* Problem
Write out exactly the lines below from the one containing "Mueller Cube vrijstaande" to the last, both ends kept, and nothing more; skip all pictures.

* Given material
.....
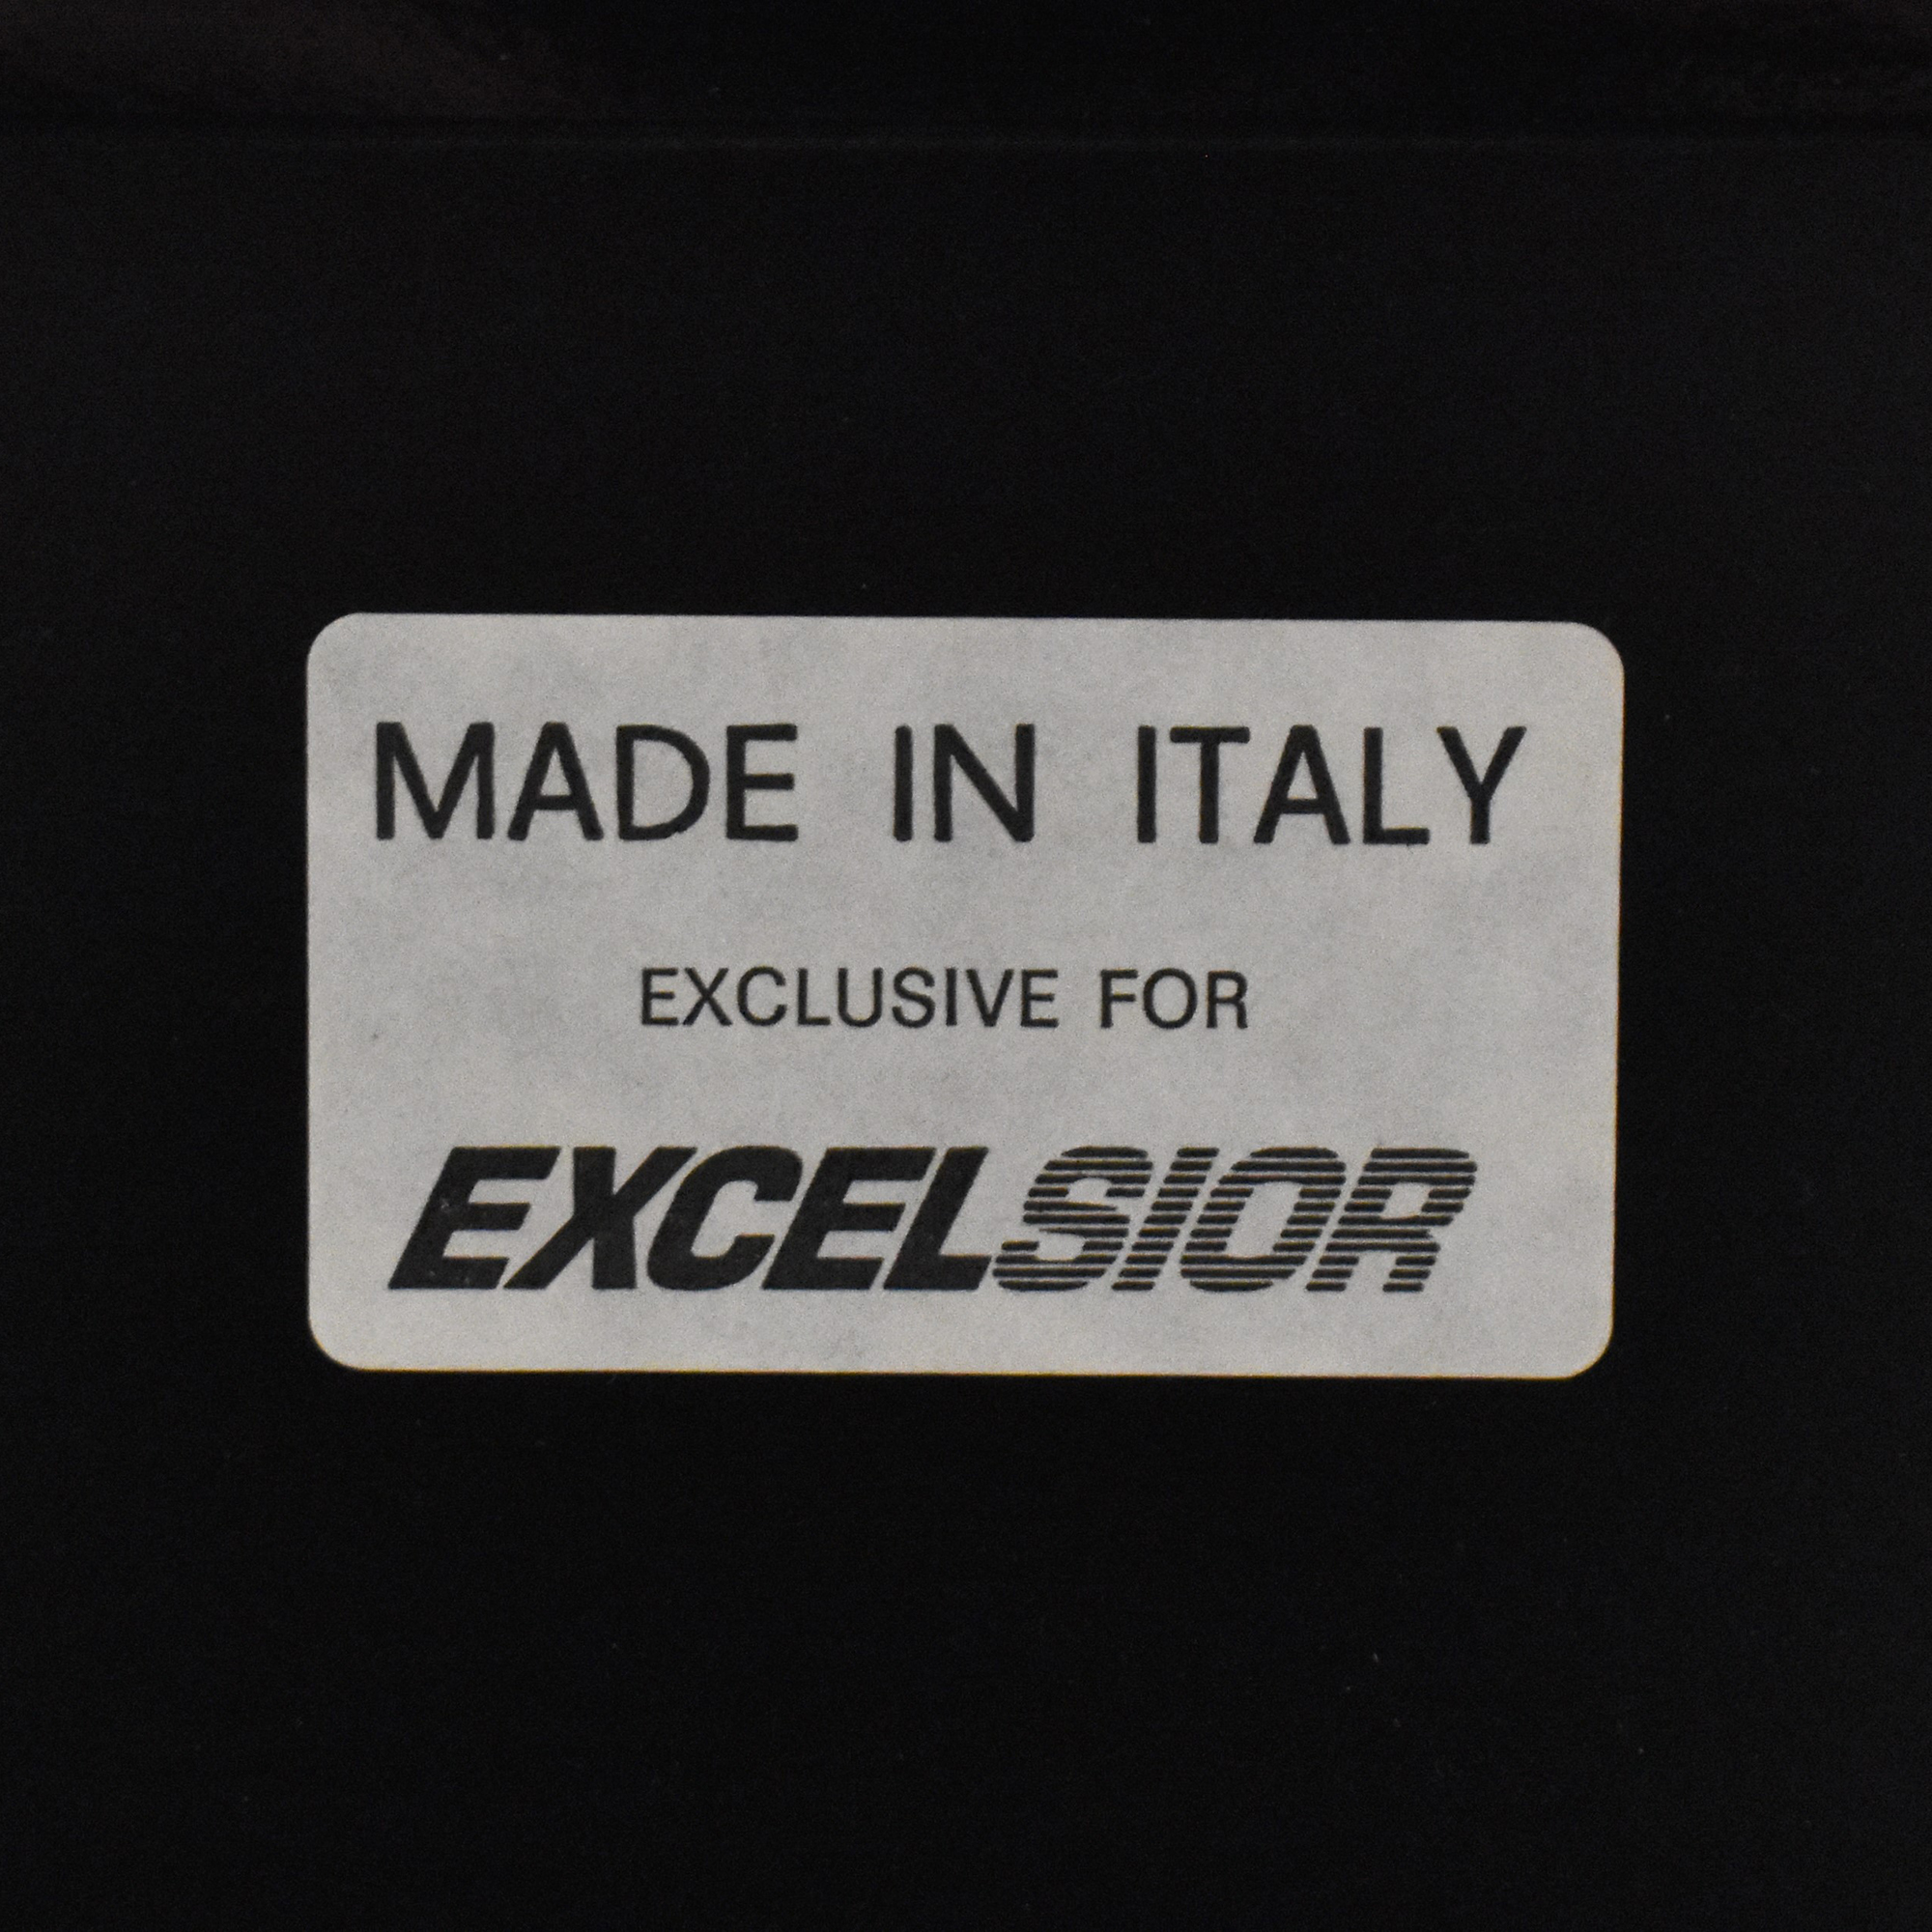 Excelsior Designs Excelsior Designs Cubby Sideboard price
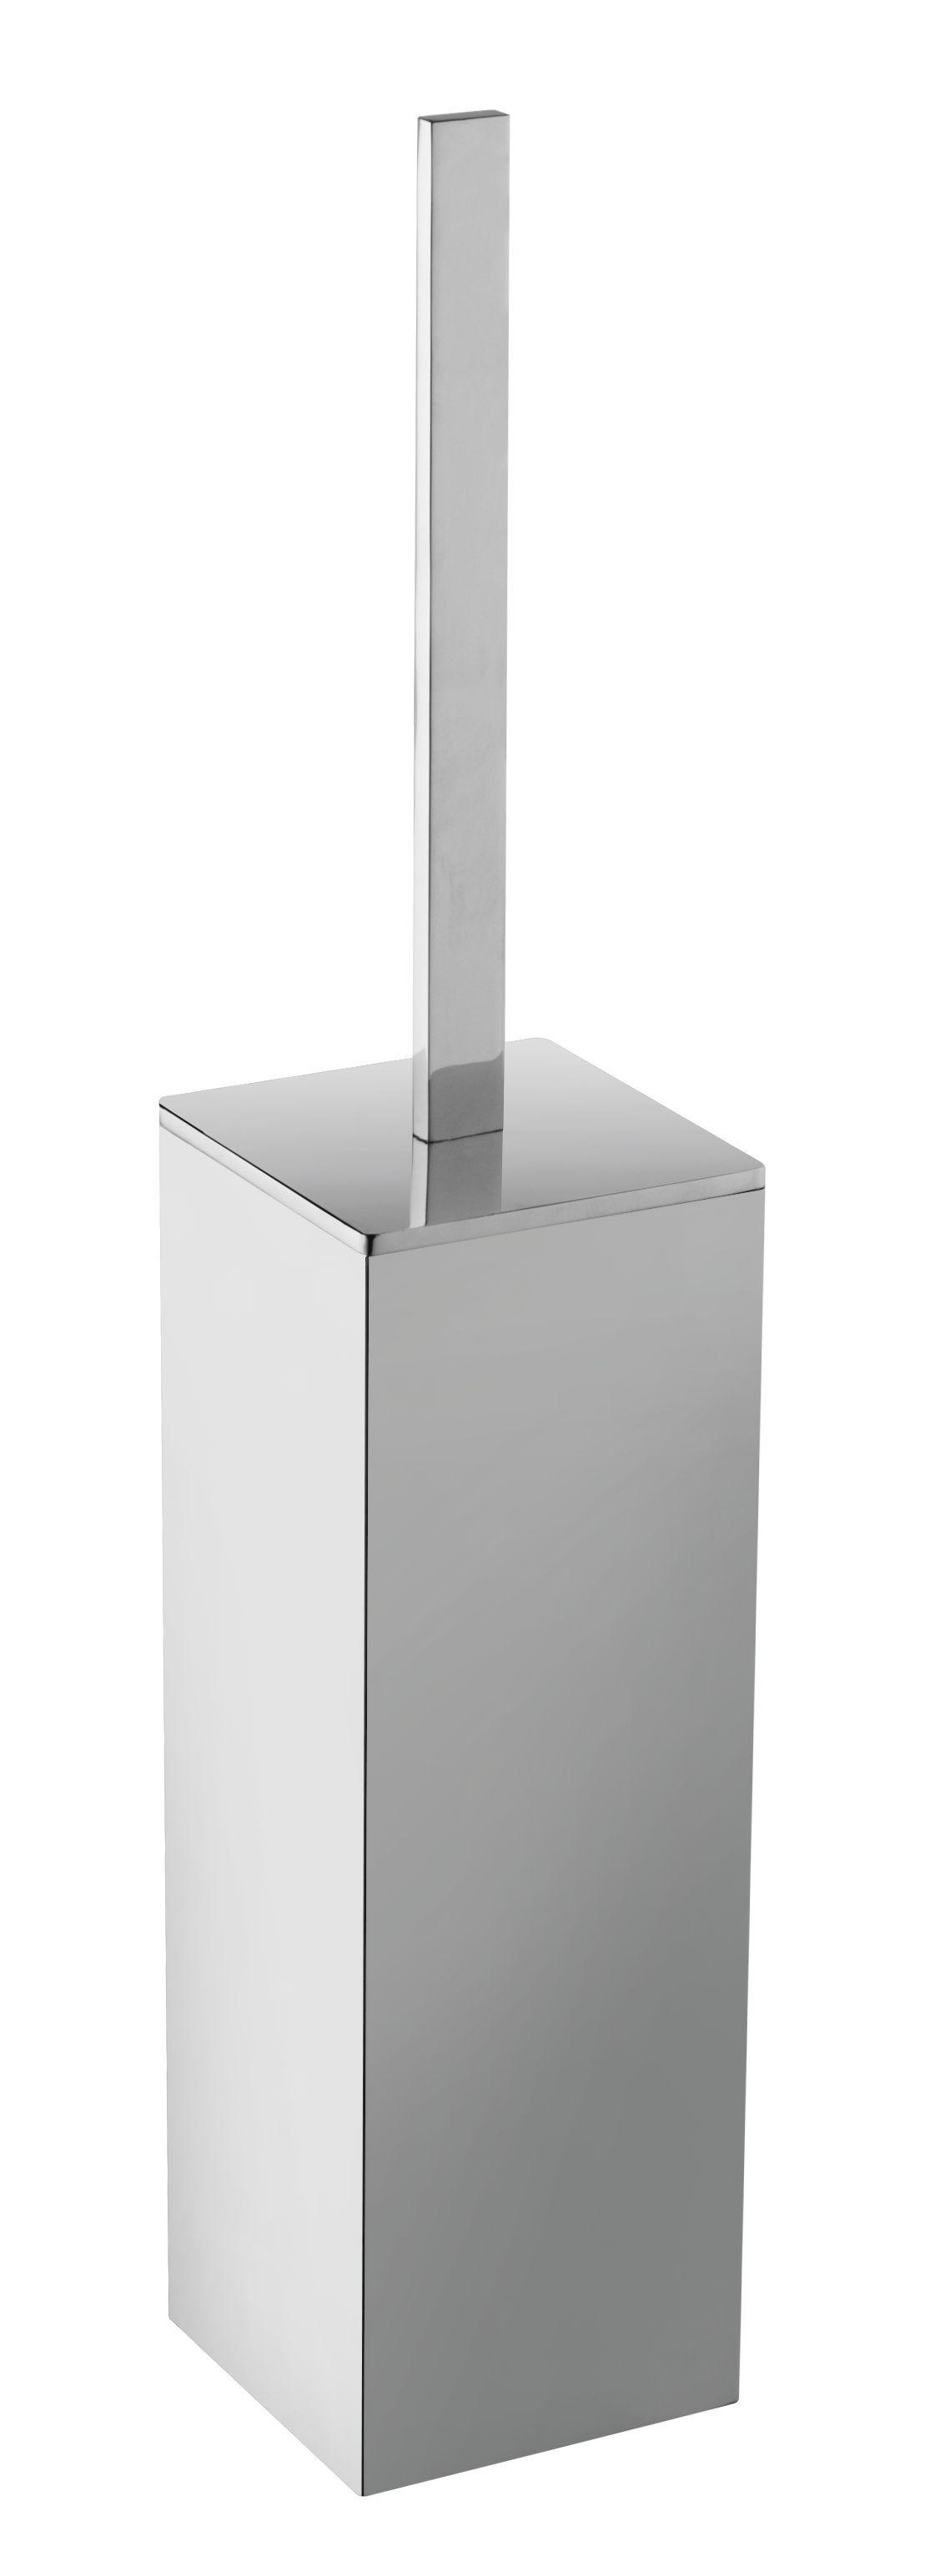 Mueller Cube vrijstaande toiletborstelhouder chroom
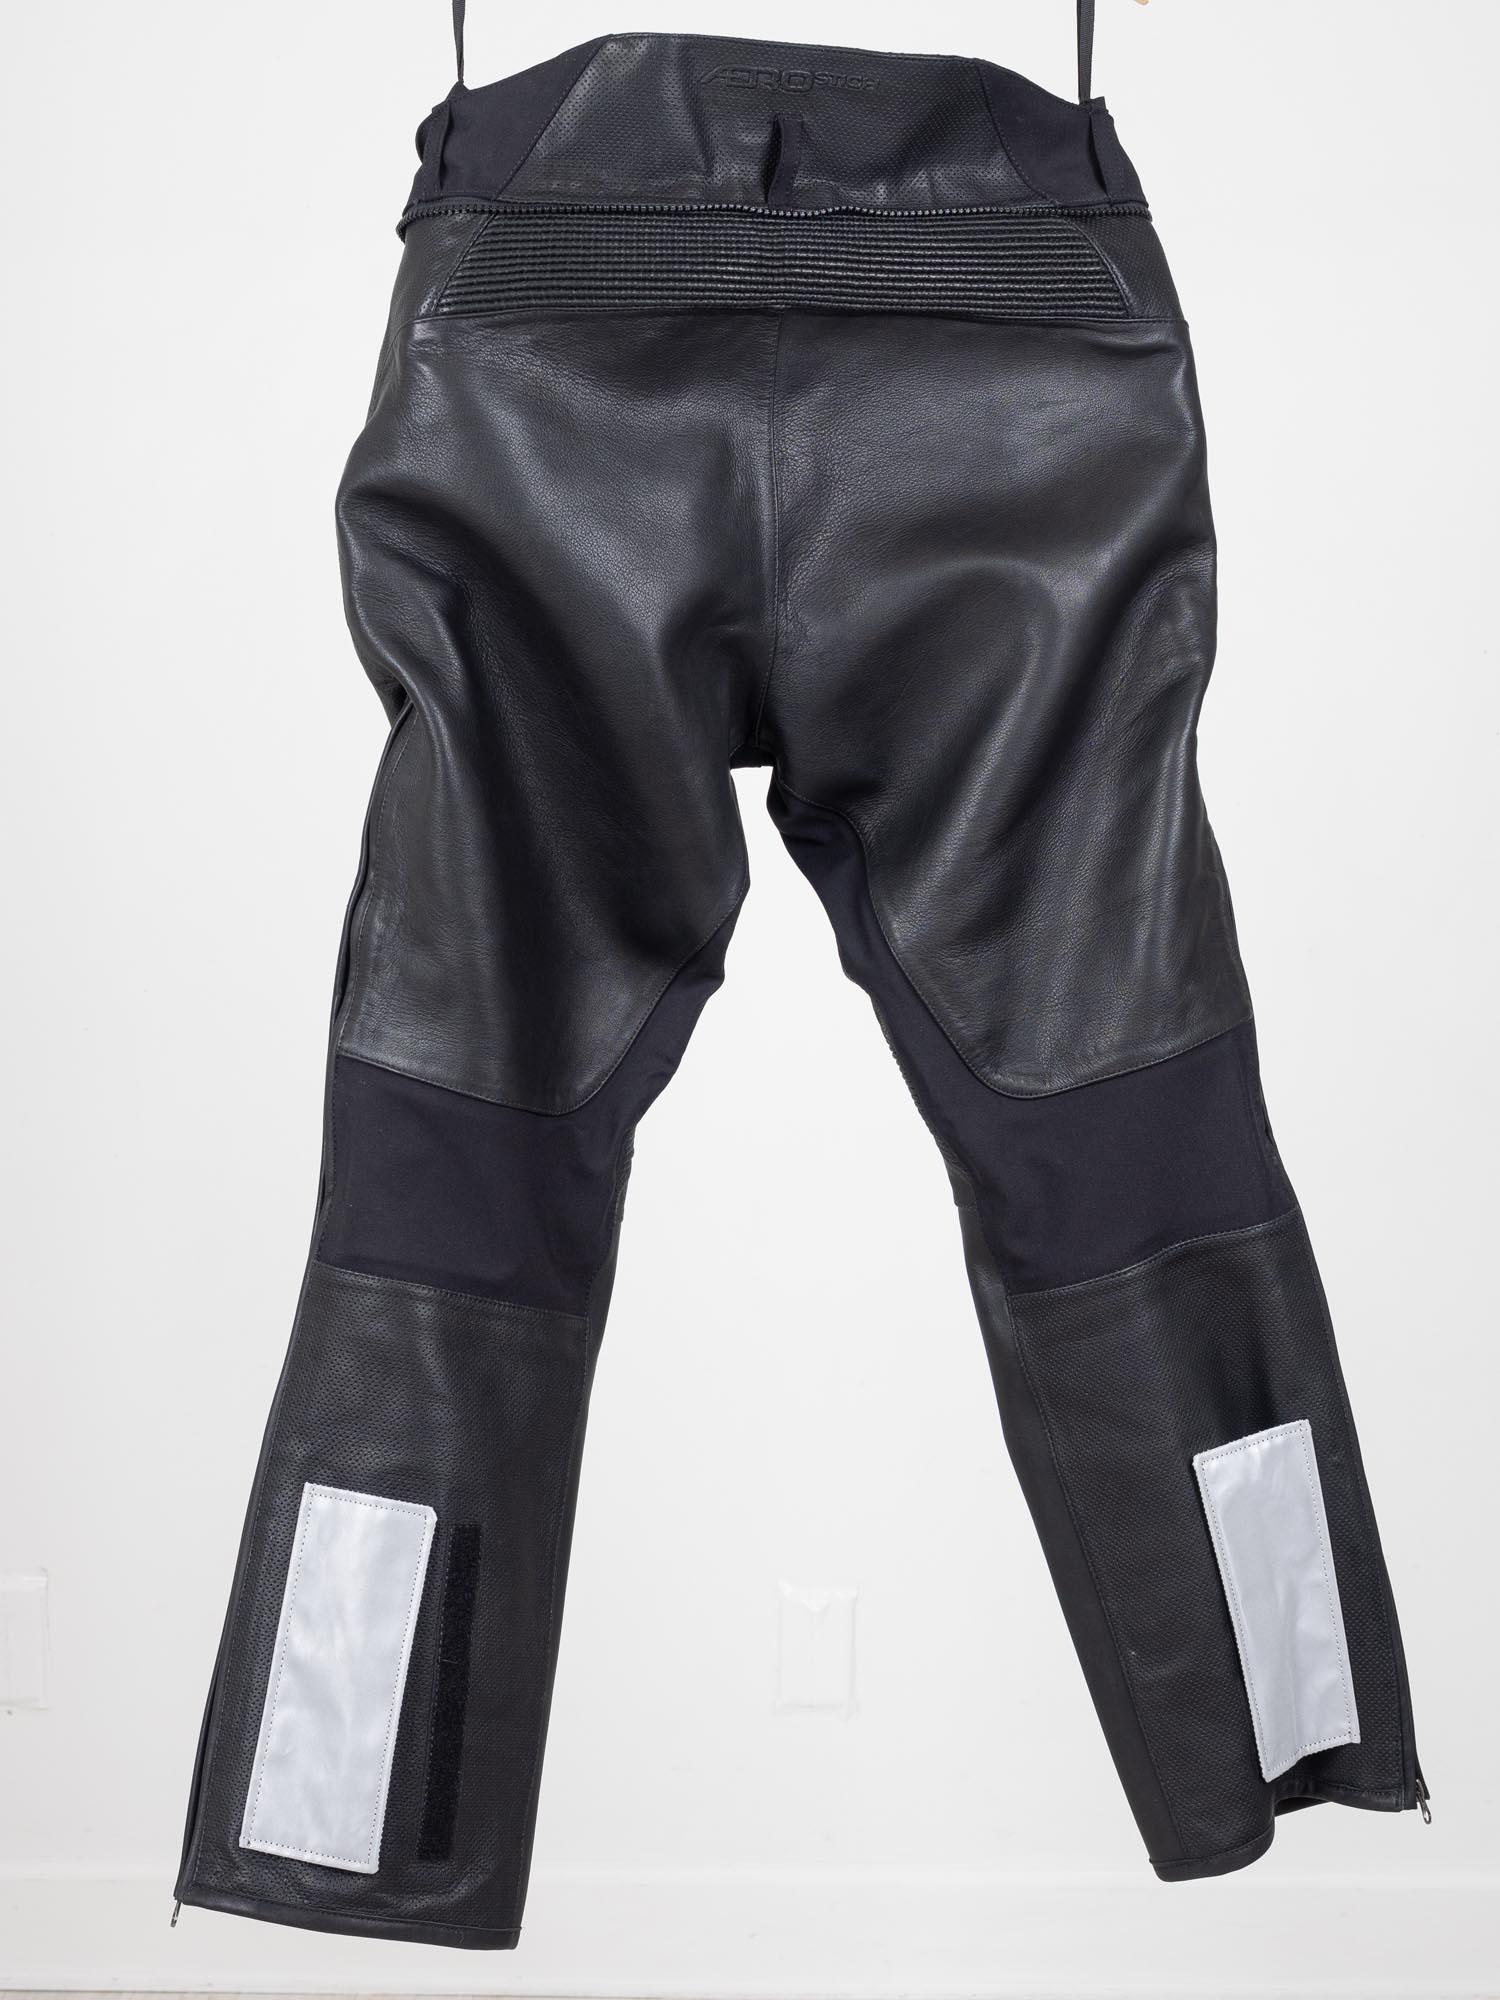 Aerostich Transit 3 Pants Reflectors
.....
* Answer space
 Mueller Cube vrijstaande toiletborstelhouder chroom
 Aerostich Transit 3 Pants Reflectors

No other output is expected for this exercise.